От ругани такой обидной очнулся Головкин уже в санях, и стояли сани его посередь двора. Не мог вспомнить — чей двор этот?
— Куда завез меня, нехристь? — спросил возницу.
— Дом стрешневский… сами велели!
— Когда велел?
— Вышли из Кремля и упали. Вези, велели, на двор к Остерману!
Великий канцлер загреб с полсти пушистого снегу, прижал его к лицу. Остыл взмокший лоб. Тут подбежал к нему Иогашка Эйхлер и шустро отстегнул полсть. А Остерманов секретарь Розенберг помог из саней вылезти, чинно сопроводил до покоев…

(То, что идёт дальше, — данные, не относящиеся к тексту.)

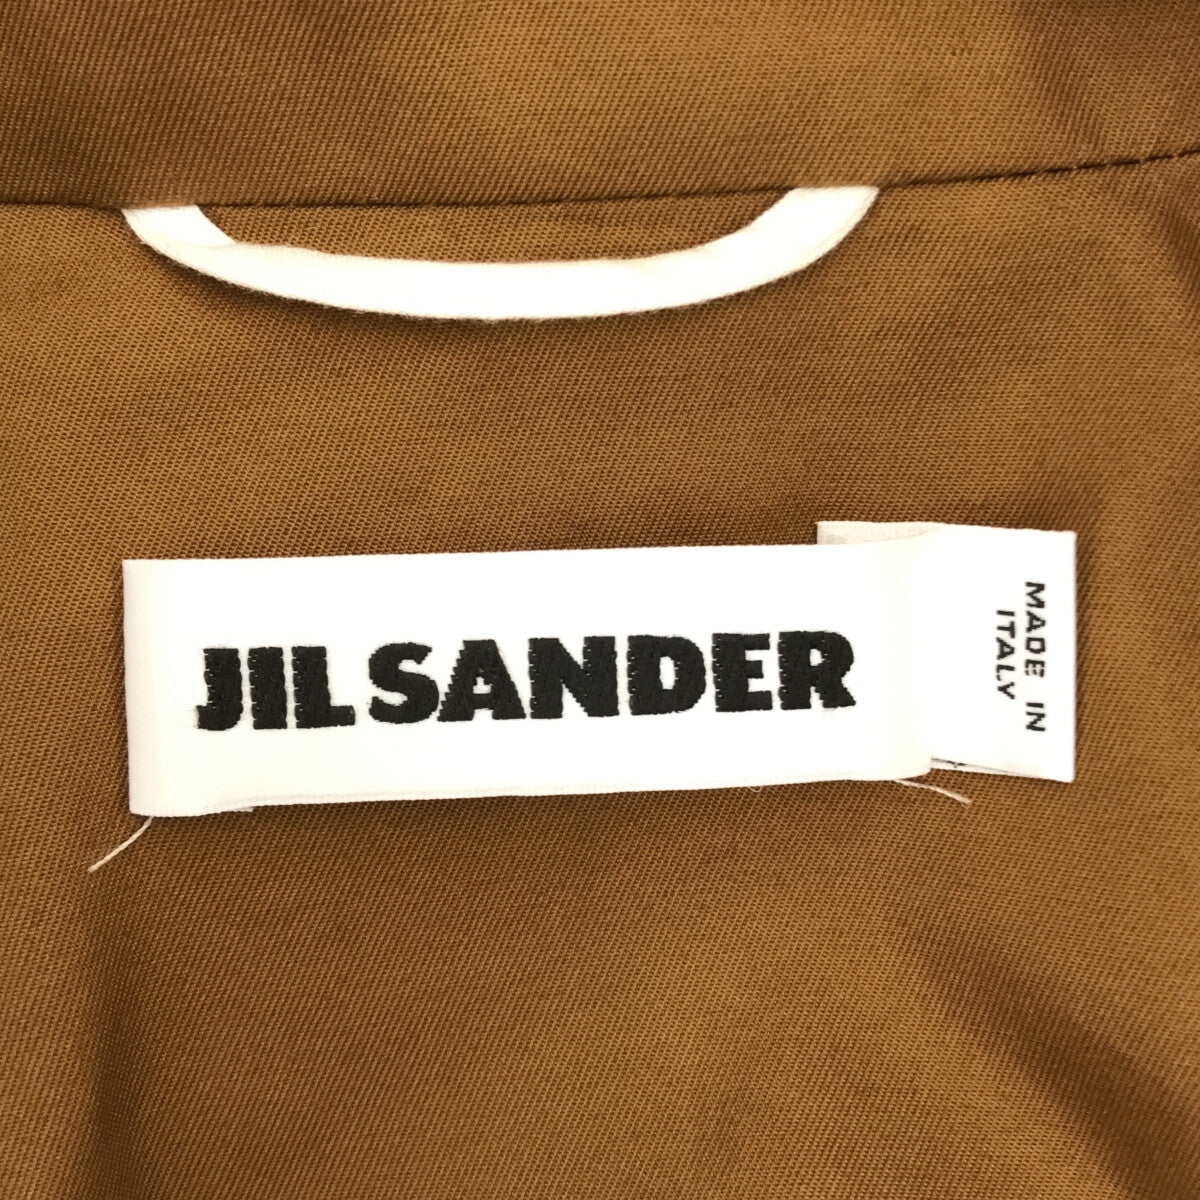 JIL SANDER / ジルサンダー | アシンメトリー サイドプリーツ トレンチコート | 36 | ブラウン | レディース

Андрей Иванович встретил графа Головкина бодрячком:
— Ах, великий канцлер! Ах, душа моя… осчастливили! Гаврила Иванович повел носом, спросил страстно:
— Ромцу бы… вели принесть! — И, выпив рому, вошел в настроение исповедное:
— Затем я здесь, вице-канцлер, чтобы поберечь чистоту престола российского. Хотят его кровью боярской покрыть, да того не желательно…

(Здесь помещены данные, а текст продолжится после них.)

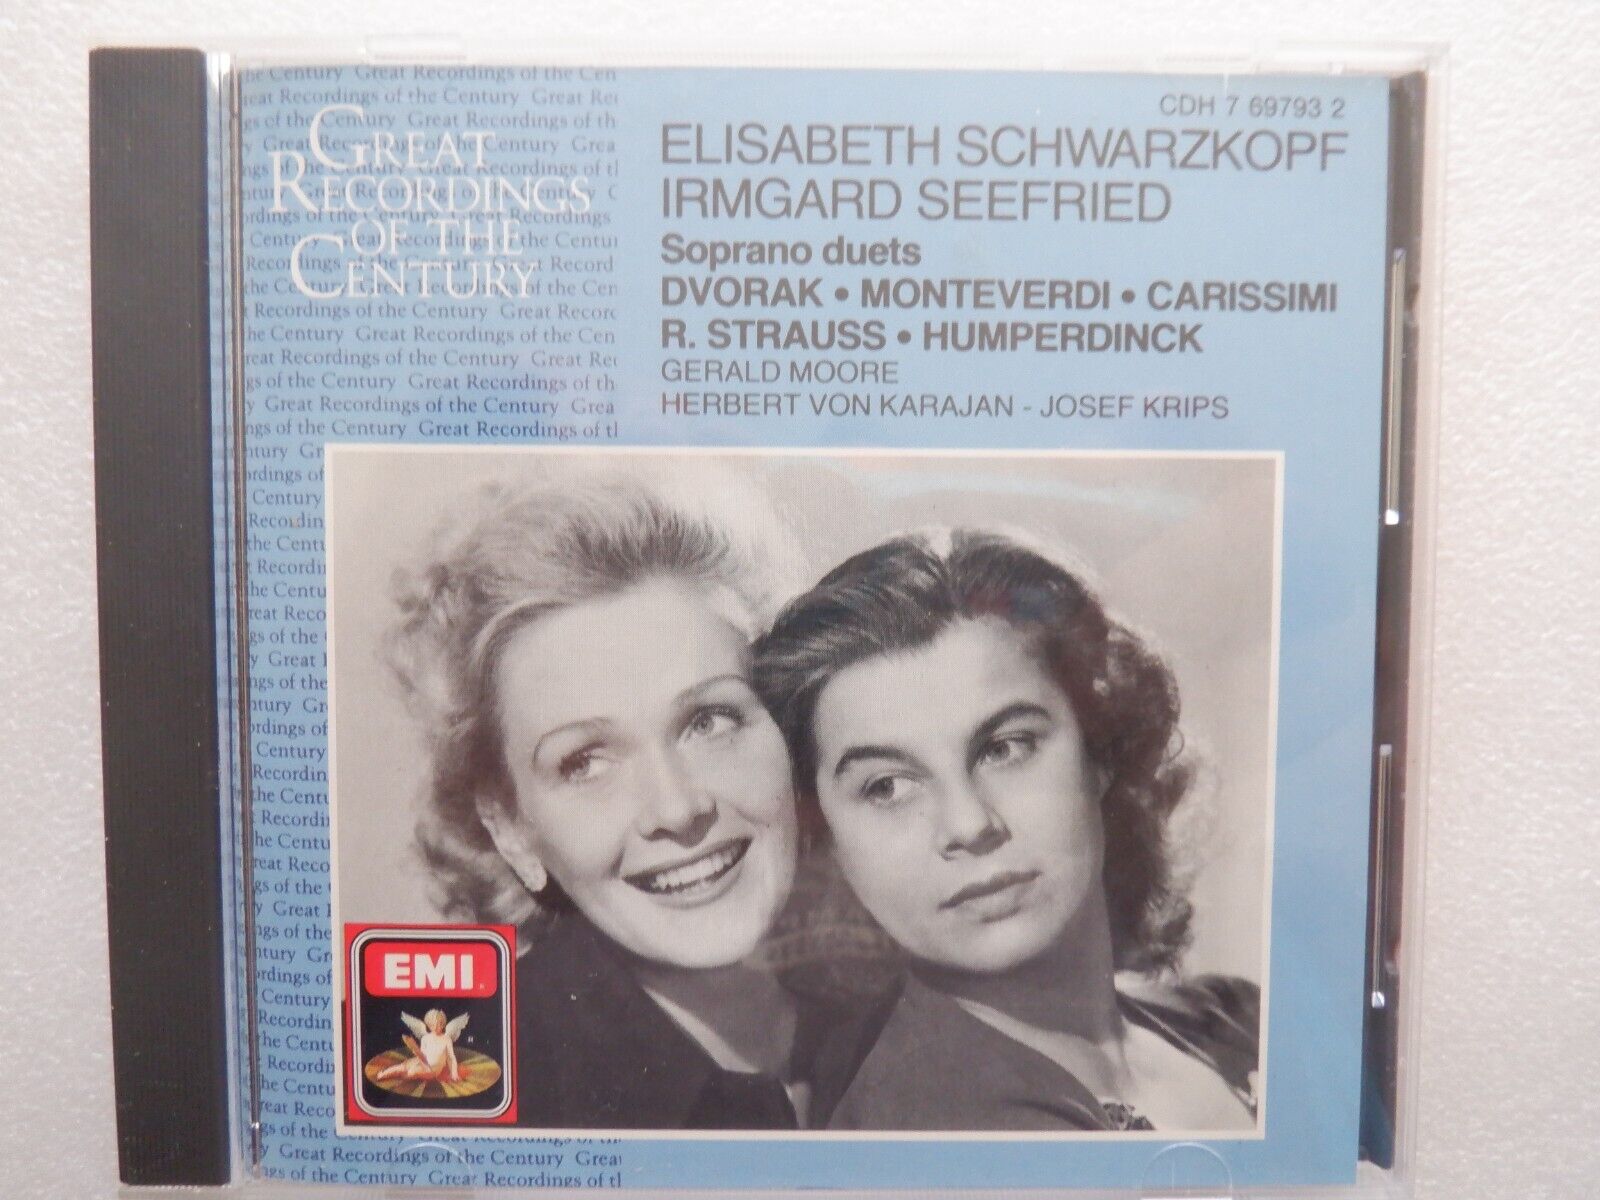 Soprano Duets: Schwarzkopf + Seefried EMI CDH 7 697932 NEAR MINT SWISS IMPORT CD

— Когда? — спросил Остерман спокойно.
— На двадцать пятый день сего месяца фиувралия злодейство назначено. Мало им одного зятя моего, Пашки Ягужинского, еще крови жаждут… Коли ведаешь, где Бирен захоронился, — сирячь еще далее: до головы его охотников тут немало…
По уходе канцлера Остерман тряхнул колоколец:
— Левенвольде ко мне! Да не Рейнгольда, а — Густава…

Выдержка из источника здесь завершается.